State Senate President-designate Mike Haridopolos said he came to Thursday’s Clean Energy Summit in Orlando not to talk, but to listen. True to his word, he spent much of his time as moderator scribbling notes as participants discussed the economic and environmental benefits of reducing Florida’s dependence on fossil fuels — and the challenge of making it happen.

For the most part, Florida policymakers seem stuck on the latter, torn between politically powerful utilities and their frustrated customers. Clean energy can yield benefits over time, but somebody has to pay for it.

The summit brought together alternative energy producers, utility representatives, educators, politicians, and environmentalists, with the goal of working toward a consensus.

Most of the panelists agreed on one basic point: Alternative energy can be beneficial to the Florida economy, especially if politicians act quickly, but the state’s politicians have not been quick enough. The loudest applause of the day came when business consultant Tico Perez said Florida seemed to suffer from a lack of political will.

Haridopolos pointed to the failure of H.B. 7229 during the Florida legislature’s 2010 session — a failure he pinned on Gov. Charlie Crist. The bill would have allowed large private utilities like FPL and Progress Energy to pass on the cost of renewable projects to their customers.

Crist, Haridopolos said afterward, was living in a “fantasy land” if he thought any business would accept a mandate to shoulder new costs without being compensated.

Several solar contractors objected to that logic. Shawn Lorenz of Sunbelt Solar Energy said letting utilities upgrade their infrastructure at customers’ expense was a boon for their shareholders but a bad deal for rate-payers.

“You pay for it, they keep it, then they keep billing you for it,” he said.

Eric Silagy, a senior vice president at FPL, had said earlier that every 100 megawatts of new solar generation would cost each customer only 7 cents a month over the life of a project.

Lorenz said existing incentive programs, like the PACE rebate program, allowing customers to build their own solar panels, pay for them themselves (rather than spread the cost among rate-payers), and increase the value of homes. Large-scale, centralized solar developments are less efficient because power is lost while it travels to customers, but they have one advantage: They allow utilities to control the supply of electricity, and what people pay for it.

He passed out a statement by a coalition of solar advocates calling on the legislature to limit the property tax increases that occur when customers increase their home values by adding solar panels and to renew funding for the state’s expired solar-rebate program.

Silagy, as well as several other experts on the economic development panel, favored allowing utilities to recoup costs. They say large-scale projects will help bring prices down over time and attract solar manufacturers and engineers to Florida.
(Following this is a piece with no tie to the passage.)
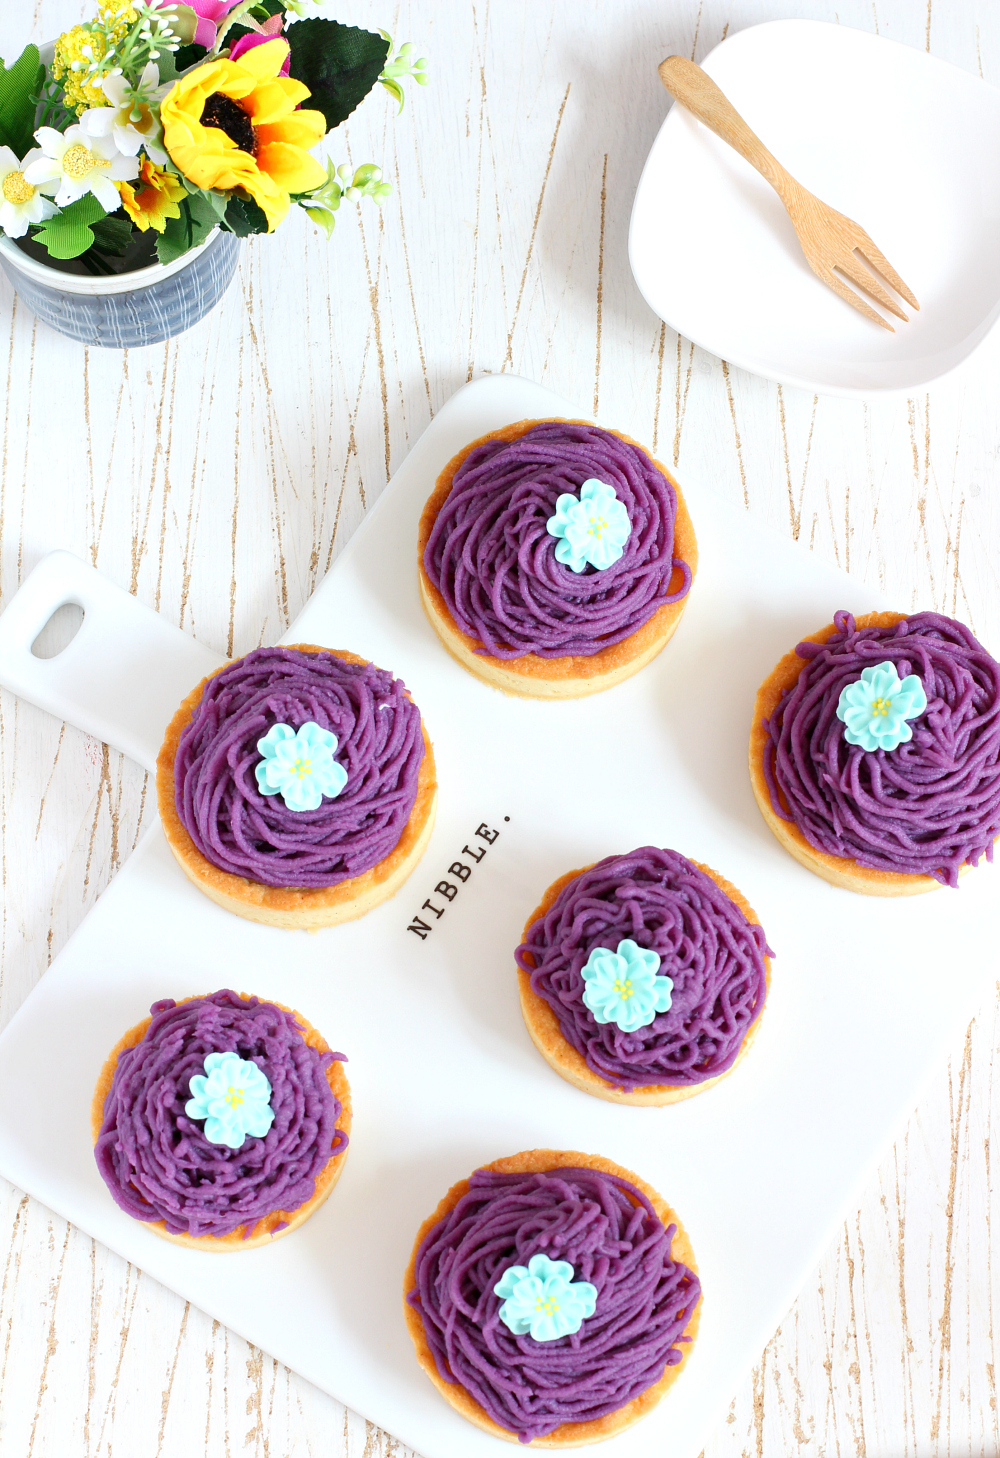 my bare cupboard: Purple sweet potato mont blanc tartlet

In an interview prior to the conference, Silagy’s FPL colleague, Buck Martinez, laid out a vision in which Florida becomes a regional hub for solar technology. For its current solar projects, his company imports many of its materials from China and the Philippines and much of its engineering expertise from California and Europe.

Florida is well-positioned to develop that expertise for itself, and then begin exporting it to Latin America and the Southeastern United States, he said.

He pointed to a study by the Washington Economics Group, cited repeatedly during the conference, which shows that adding 700 megawatts in solar capacity could create 40,000 jobs in Florida.

In an open forum for attendees at the end of the conference, Barabara Drndak echoed a point she made in a recent op-ed column: Taxpayers, not utility companies, should receive subsidies for solar development. Spurred by federal tax rebates, small-scale “distributed generation” could actually be more efficient.

Several speakers that followed said Florida should be supporting both small-scale and utility-scale solar development if it wants to start growing the industry quickly. There are several reasons why time is of the essence:

  • The cost of solar photovoltaic power is plummeting and will be on par with natural gas within five years. If Florida doesn’t become a market leader before then, it likely never will, because the technology will become so widespread.
  • A renewable portfolio standard (a requirement that some percentage of Florida’s energy come from renewable sources) will make it easier for solar developers to secure financing, and for research firms to set up shop here, by creating a guaranteed market. If the federal government passes a renewable mandate before the state does,  Florida will have a harder time achieving a comparative advantage.
  • For Florida to recover from the recession, it must diversify away from the “three-legged stool” of farming, tourism, and real estate, which has proven especially shaky in recent years.

Kim Ross of Crude Awakening, a group formed in response to the Deepwater Horizon oil spill, called on the legislature to act on clean-energy initiatives when it gets together in late July.

“Let’s make this a renewable energy session,” she said.

Haridopolos said that as far as action on alternative energy is concerned, it’s now up to Gov. Crist. ”He needs to come to us with what his plan is,” he said.